Cart - Paying in additional 6% into super savings in lieu of reduced tax makes more sense as it creates saving and enriches the nation?
Gary – Governments become ideologically driven and forget their funding is from the community who expect encouragement and sensible policies for all. Harper is a ‘Howard’s man’; on most issues as you have experienced. I notice Finance Minister Jim Flaherty budgeted $2.3 billion surplus is now looking very shaky. I also notice the Governments generated a $4.25 billion windfall from the just-completed wireless spectrum auction.
Best wishes
As always, I enjoy learning something new here! This certainly stirs the imagination!!

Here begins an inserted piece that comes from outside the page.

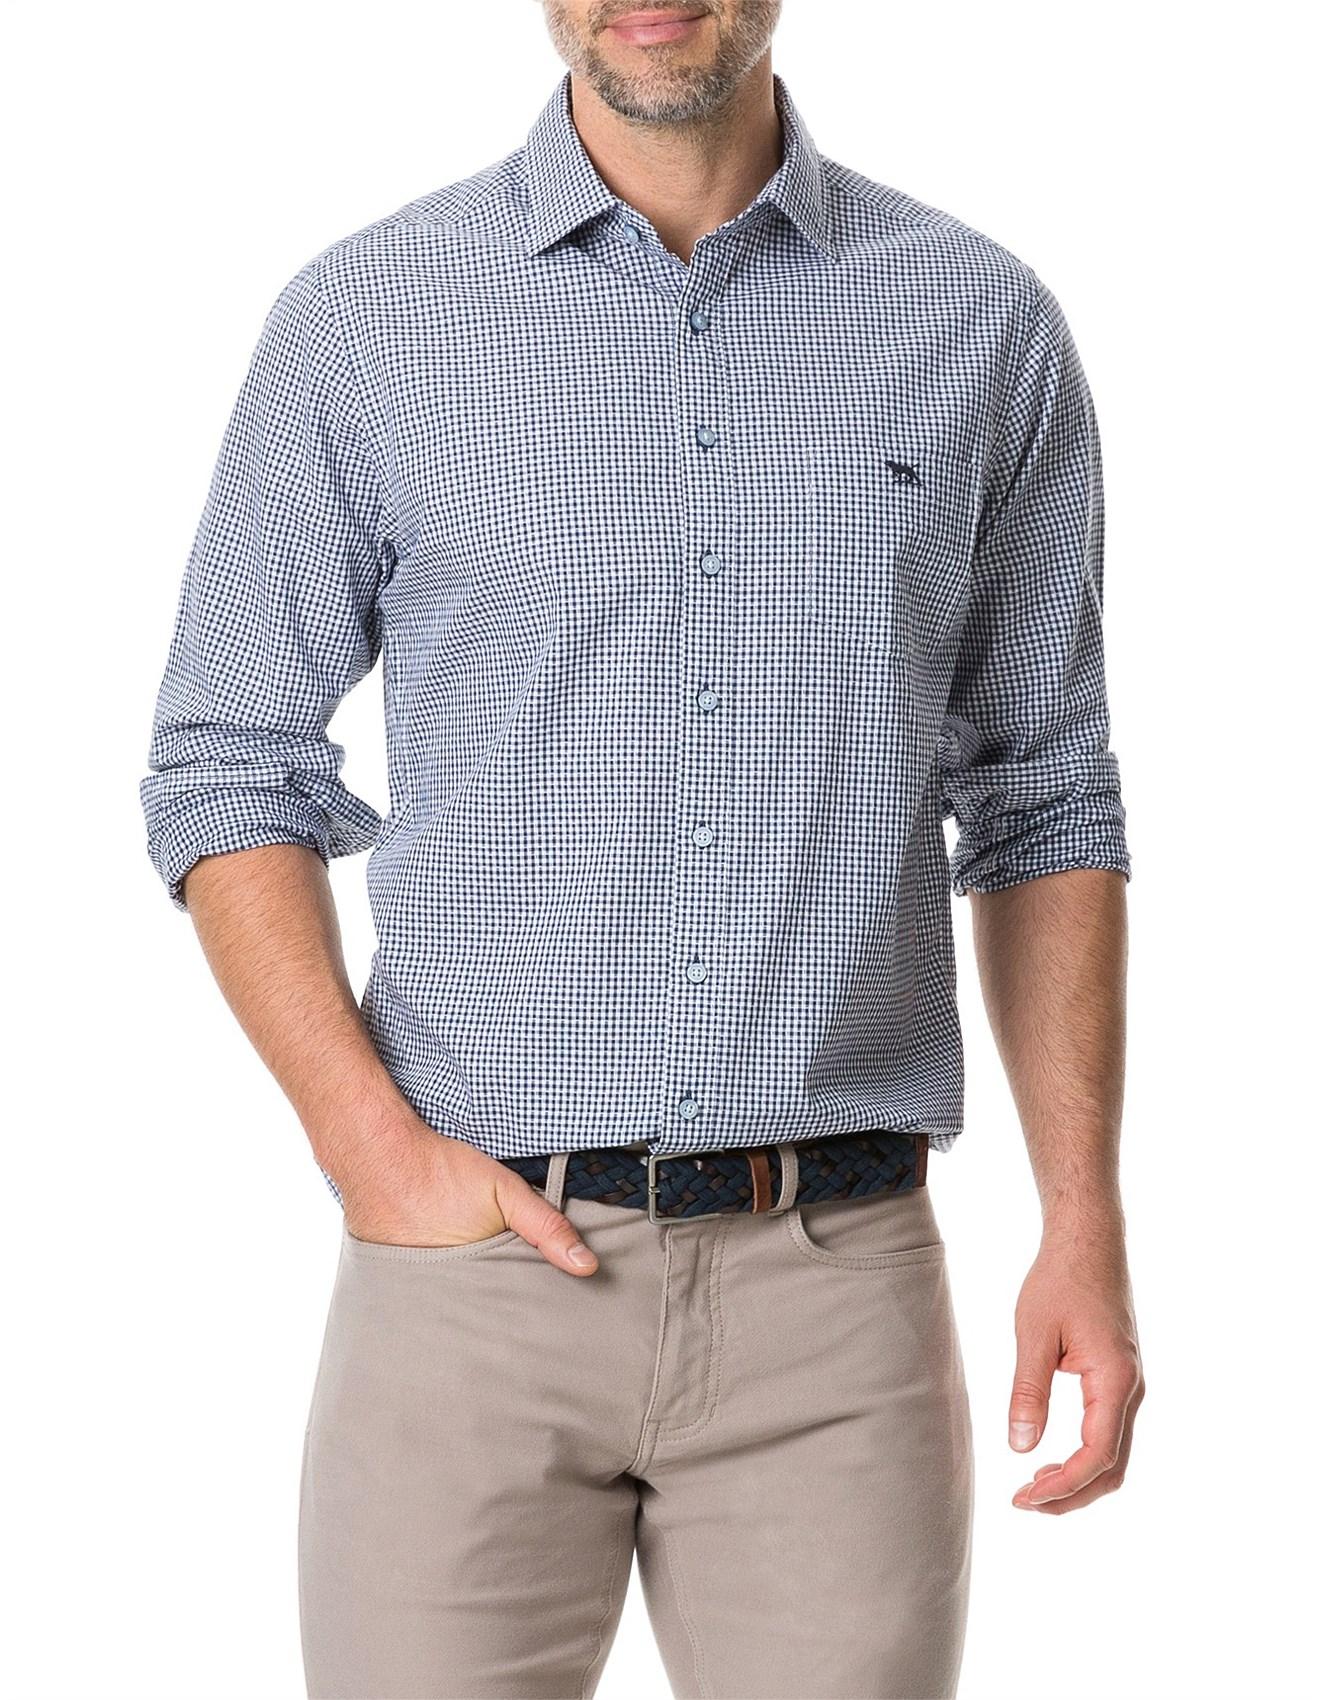 Mens Shirts Casual Shirts Dress Shirts David Jones Lp2806

let's see. if i save a dollar a day at eight percent annual interest, minus 40% for tax and factoring four percent inflation, plus $120 a barrel for oil, each dollar i save will be worth a (negative) eight cents when i retire.
you sound like a pessimistic fashion designer today, Sera. Can't blame you though...
Hi Michael & Sera & Zee
Michael-Thanks for your visit and comment
Sera
I am not sure of the limits on your 401K plans over there but I think you will find your able to deduct any contributions you make from your gross salary (reducing your overall tax rate and tax payment) rather than paying for it out of your net after tax salary as you have implied. Contributions into such a fund would also enjoy tax free status in terms of the earnings whilst in the fund.